First of all, let’s take a fresh look at diesels. In terms of emissions diesels have really got their act together. European legislation introduced in 2017 dictated that no new passenger car can emit more than 168 milligrams of NOx per kilometre and that will be reduced to 120 milligrams by 2020, so cleaner vehicles are on the way. Bosch have created a thermal technology that can reduce emissions to just 13 milligrams of NOx in standard legally-compliant RDE cycles, so the idea of clean diesels is a realistic one and one that could be with us soon…
ULEVs are being widely trumpeted as the saviour of the fleet sector and it’s hard to argue against that. The HMRC have Benefit in Kind (BIK), Vehicle Excise Duty (VED), capital allowances, and salary sacrifice regimes all to help incentivise businesses to switch to electric vehicles, and congestion zones such as in London don’t apply to electric vehicles. Of course, range has always been a significant barrier to adoption and the lack of charging points has hobbled the sector still further. This, however, is changing fast.
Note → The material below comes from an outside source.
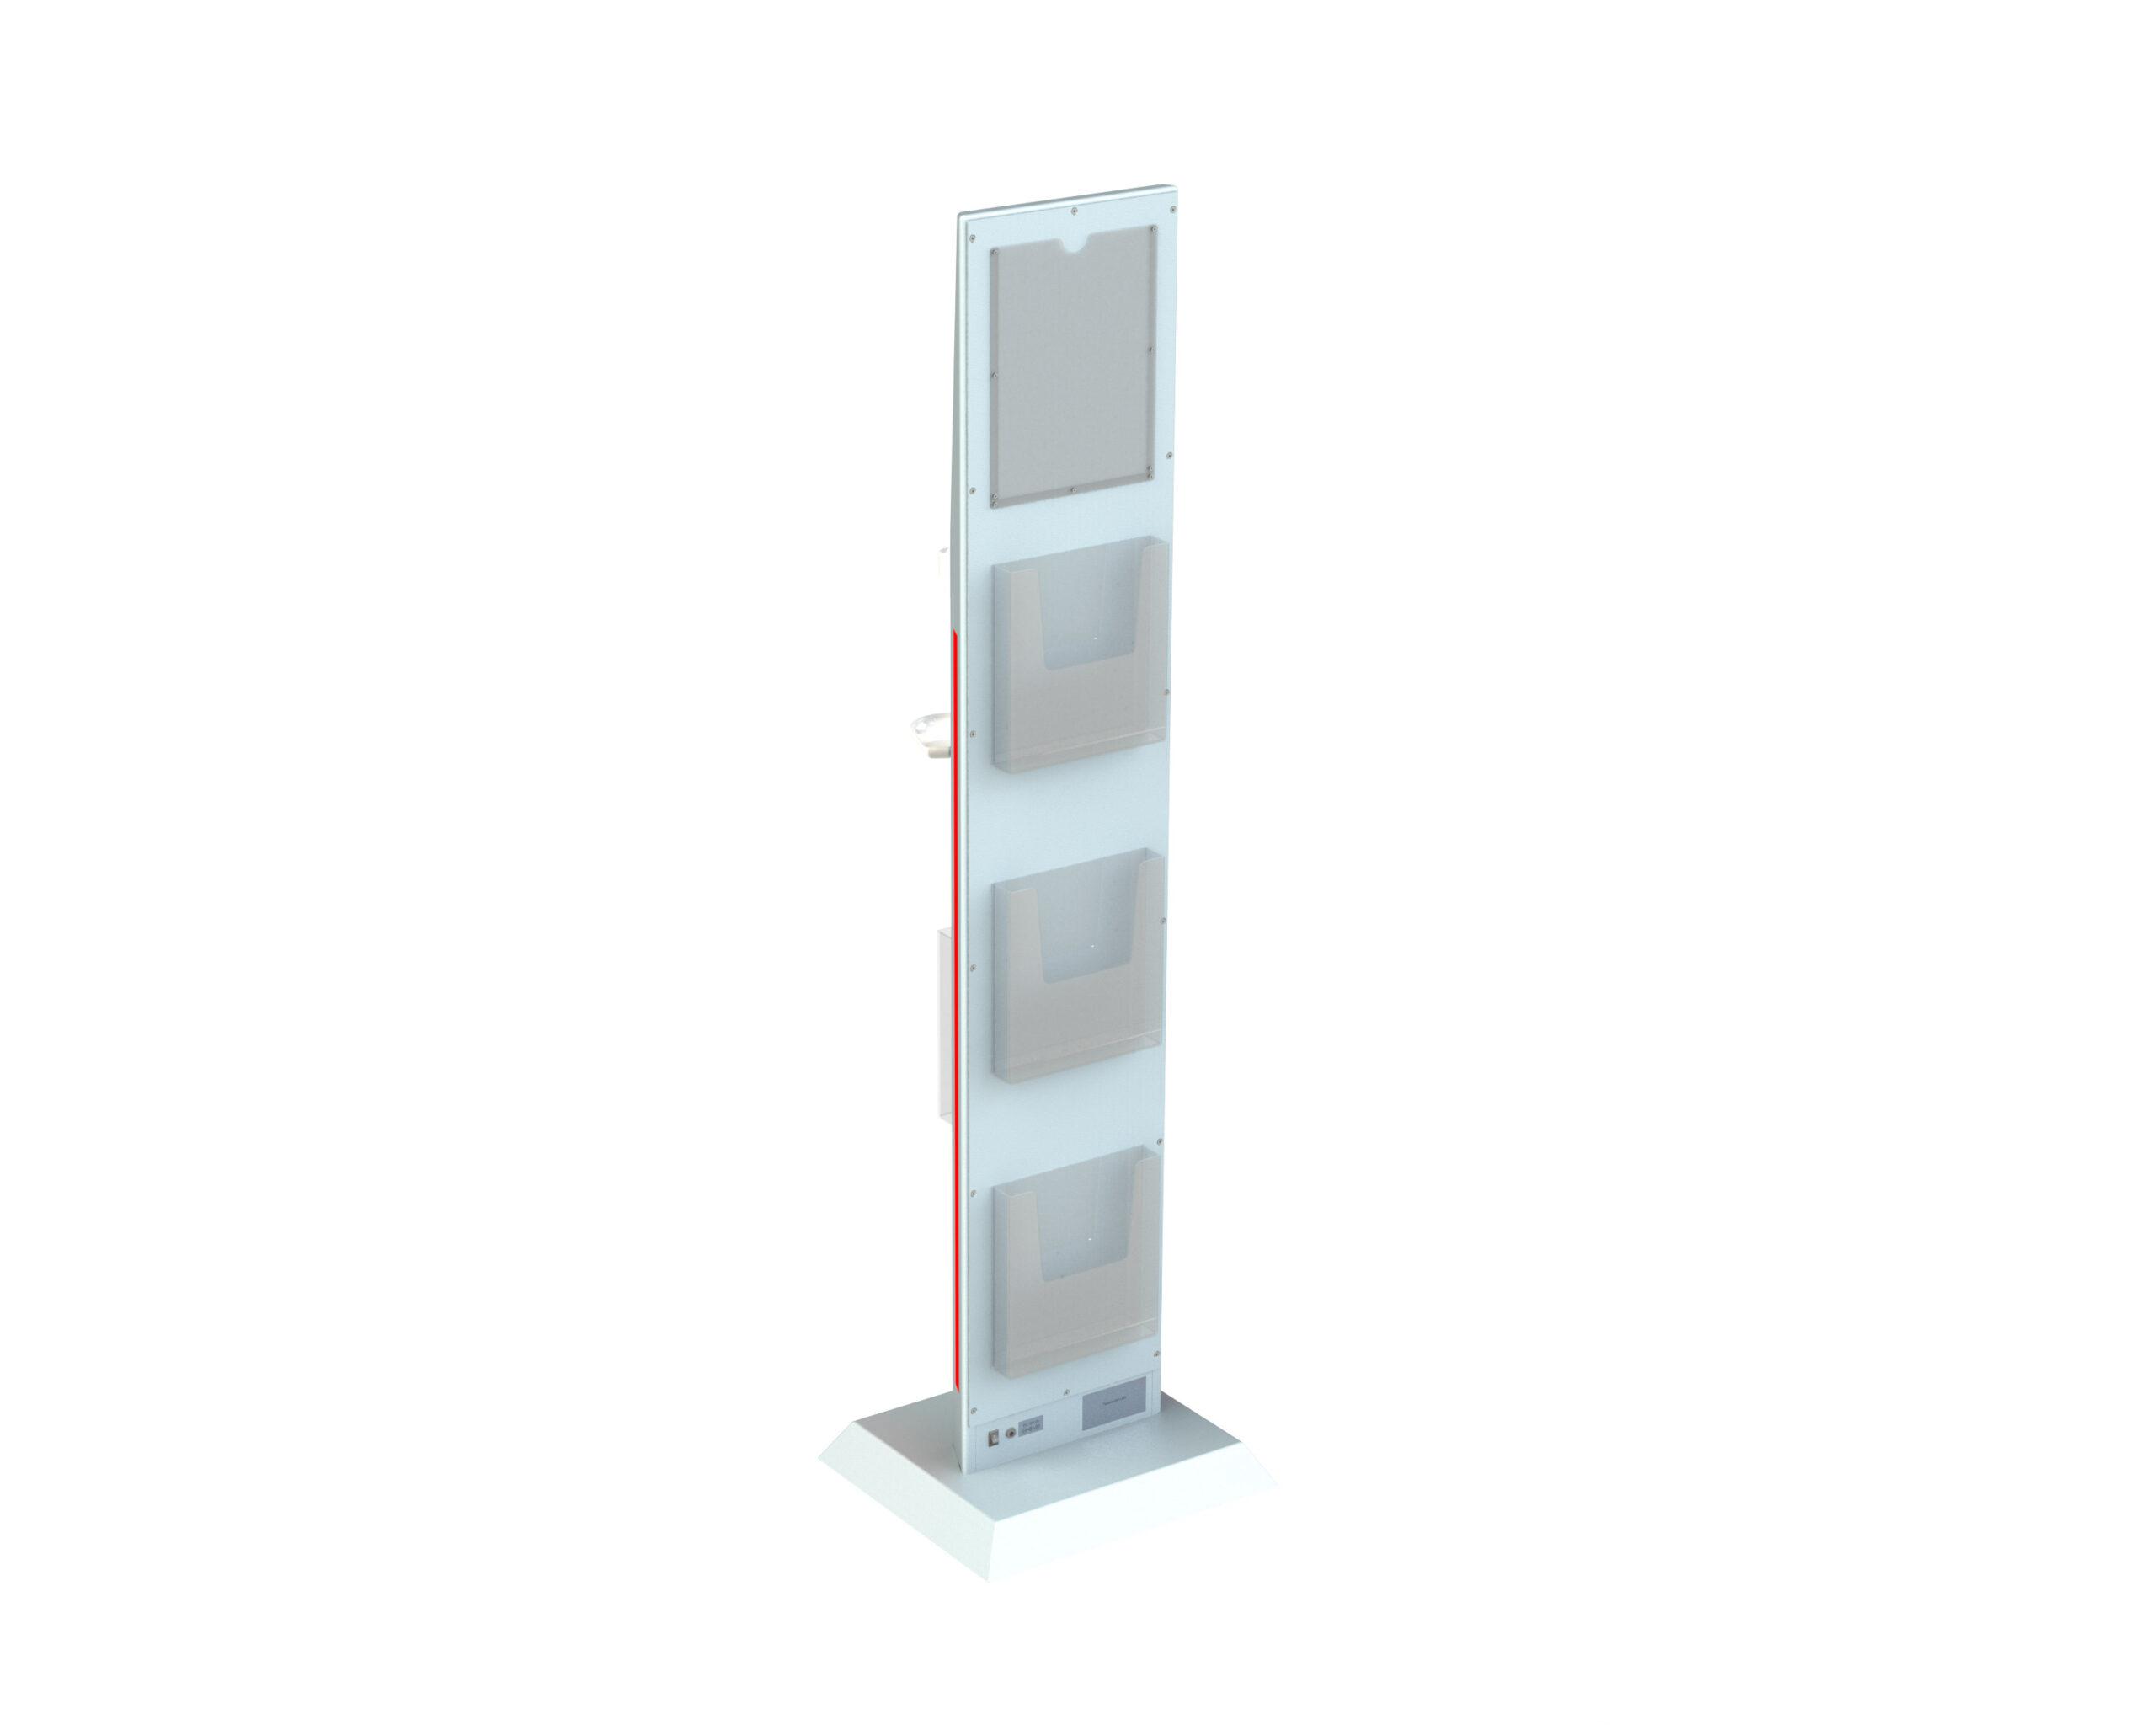 Hygienesaeule-Monolith-LED-4-Prospekthalter-hinten

It’s predicted that by 2020 there will be more charging points than petrol stations – thanks largely to charging points going into petrol stations – and the new range of electric vehicles have a far greater range. Tesla’s Model 3 is said to be capable of over 250 miles on a single charge and with manufacturers as diverse as Mercedes, Audi, Dyson and Apple all investing in electric car technology, range parity cannot be far off. Add to that the exciting and seemingly limitless possibilities of hydrogen fuelled vehicles and we’re set for a clean car revolution.
Whilst concerns around the quality of our air are universal, so is the demand for a company vehicle. Company cars remain the 2nd most attractive employee benefit and for many businesses they are simply a necessity. Yes, technology in terms of video conferencing and remote working generally has made the necessity of face-to-face meetings less important, but the fact remains that many businesses need to move goods and materials around and that requires vehicles. Even in the heavier, most polluting end of the vehicle sector – in trucking and construction – electric plant and special types vehicles are coming through, safeguarding even this area of fleets.
The answer to this has to be a resounding, ‘Yes’ although probably not in their current form. Companies need vehicles, employees like having them and in many sectors there’s no alternative on offer. What they will have to do is clean up their collective act, get more creative in their transport requirements by using techniques such as fleet mobility and adopt new technology as it comes on stream. The future of the fleet industry is bright; so long as we balance the needs of the planet.